How to fit as many plots as possible on a 16TB hdd?

Thomas_hunter · October 10, 2021, 9:54am

I’m using 16TB hard drives on Linux formatted to ext4 and each drive fits just 138 plots.

Is there a way to tweak the formatting of the drive or remove some overhead so more plots would fit on the harddrive?

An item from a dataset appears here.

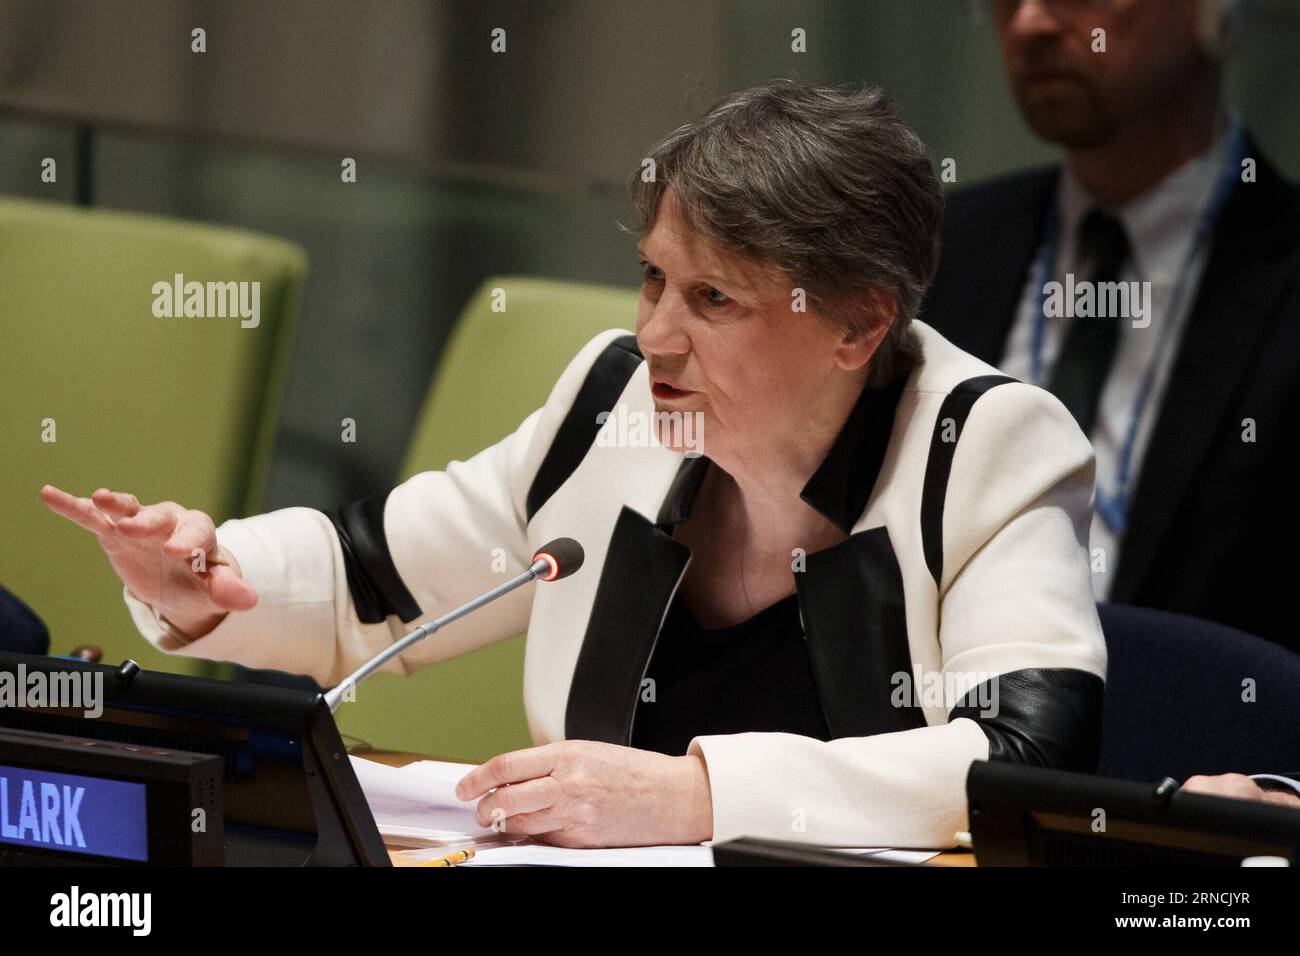 (160414) -- NEW YORK, April 14, 2016 -- Helen Clark, former Prime Minister of New Zealand and Administrator of the United Nations Development Programme (UNDP), candidate for the position of the next secretary-general, presents herself to the member states at the United Nations headquarters in New York, April 14, 2016. The UN General Assembly on Tuesday kicked off a three-day informal dialogue with candidates for the position of the next secretary-general. ) UN-NEW YORK-GENERAL ASSEMBLY-SECRETARY-GENERAL-CANDIDATE-HELEN CLARK LixMuzi PUBLICATIONxNOTxINxCHN   160414 New York April 14 2016 Helen Stock Photo

There’s always some competition for the fastest plotting time, do people compete to fit more plots on a drive too?

I’d prefer to stay with the k32. Madmax plotter I think can’t even make other k sizes.

g0rbe · October 10, 2021, 9:59am

Check this: https://plot-plan.chia.foxypool.io/

slippers · October 10, 2021, 10:31am

Digital Spaceport (I think I’ve seen on this forum) has this web page where he appears to get extra plots if the drive is formatted with the XFS filesystem and a Partition format of GPT 4KiB-aligned. That would be for Linux users or course.

Thomas_hunter · October 10, 2021, 7:44pm

Yes it looks like the solution. XFS seem to have less overhead and just more utilized space for files. Thanks.

But if I umount the drive and run
sudo mkfs.xfs -f /dev/sdap
I get mkfs.xfs: cannot open /dev/sdap: Device or resource busy

I’m not able to find a way how to make it “not busy” and I don’t want to restart the machine because I’ve got some vms running on it.

juppin · October 10, 2021, 9:31pm

I use mkfs.ext4 -m 0 -T largefile4 /dev/sdX1 to get the most space usable for large chia plots…

slippers · October 10, 2021, 10:01pm

Me too but if you look at that web page from digital spaceport, he seems to be able to fit 74 plots on 8TB instead of 73. Haven’t tried it myself though.

Don’t know the reason, sorry unless it wasn’t unmounted properly. Hopefully you’re not trying to format a drive with plots on already though.

frandt · October 11, 2021, 12:16am

You must have another major issue, I am using 14TB HDDs on Windows and get 128 K32 plots per drive and it only has 12.7TB free after formatting.

marshalleq · October 11, 2021, 12:29am

What a great question! I have always assumed that I would get less than most people as I use ZFS and assumed there would be more overhead.

So as a comparison, using ZFS on a 16TB drive with 1M block size I get 141 plots. I’d be interested in others reporting what they get on XFS, ReiserFS, NTFS, APFS etc if they wouldn’t mind.

marshalleq · October 11, 2021, 12:41am

Oh by the way, I just remembered - EXT4 has a reserved space option that defaults to 5%.

You can change it with a setting somewhere (I don’t recall it), but I suspect that’s what is eating up your space. Back when I ran EXT4 it was something I’d do regularly.

The reserved space was originally set as a percentage before the drives got too big and (unless it’s been changed now) the percentage stayed the same but created quite a ridiculous amount of unused space on modern drives. So in your case that would account for 800G of space you can’t use if I’m calculating correctly.

I’d say for non changing data like plots you would probably be safe to set it at 0%.

A quick google…
https://docs.cloudera.com/cloudera-manager/7.4.2/managing-clusters/topics/cm-decrease-reserved-space.html

Hope that helps!

Marshalleq

Thomas_hunter · October 11, 2021, 2:09am

Yes this seems to be the most efficient so far. On the 16TB drive there is only 1.93GiB used when the drive is empty. This fits 147 plots on a 16TB drive

Ext4 with default settings only fits 138 plots.

If I format it to XFS with default settings there is 1.99GiB used. This fits 146 plots on a 16TB drive.

But the Digital spaceport seem to be able to fit 148 plots with “XFS filesystem and a Partition format of GPT 4KiB-aligned”

How can I do XFS Partition format of GPT 4KiB-aligned ?

DigitalSpaceport · October 11, 2021, 6:35am

As mentioned in the comments, this has to do with manufacturers not having a 100% common size which is part of the 512e 4Kn thing which has to do with each drive and manufacturers handling of Advanced Format drive.

That number may change based on mfgr of the drive. What is the model number of the drive? Should be +/-1 from my figure in an annoyingly close fashion for 8 and 16TB models, but not 2 off.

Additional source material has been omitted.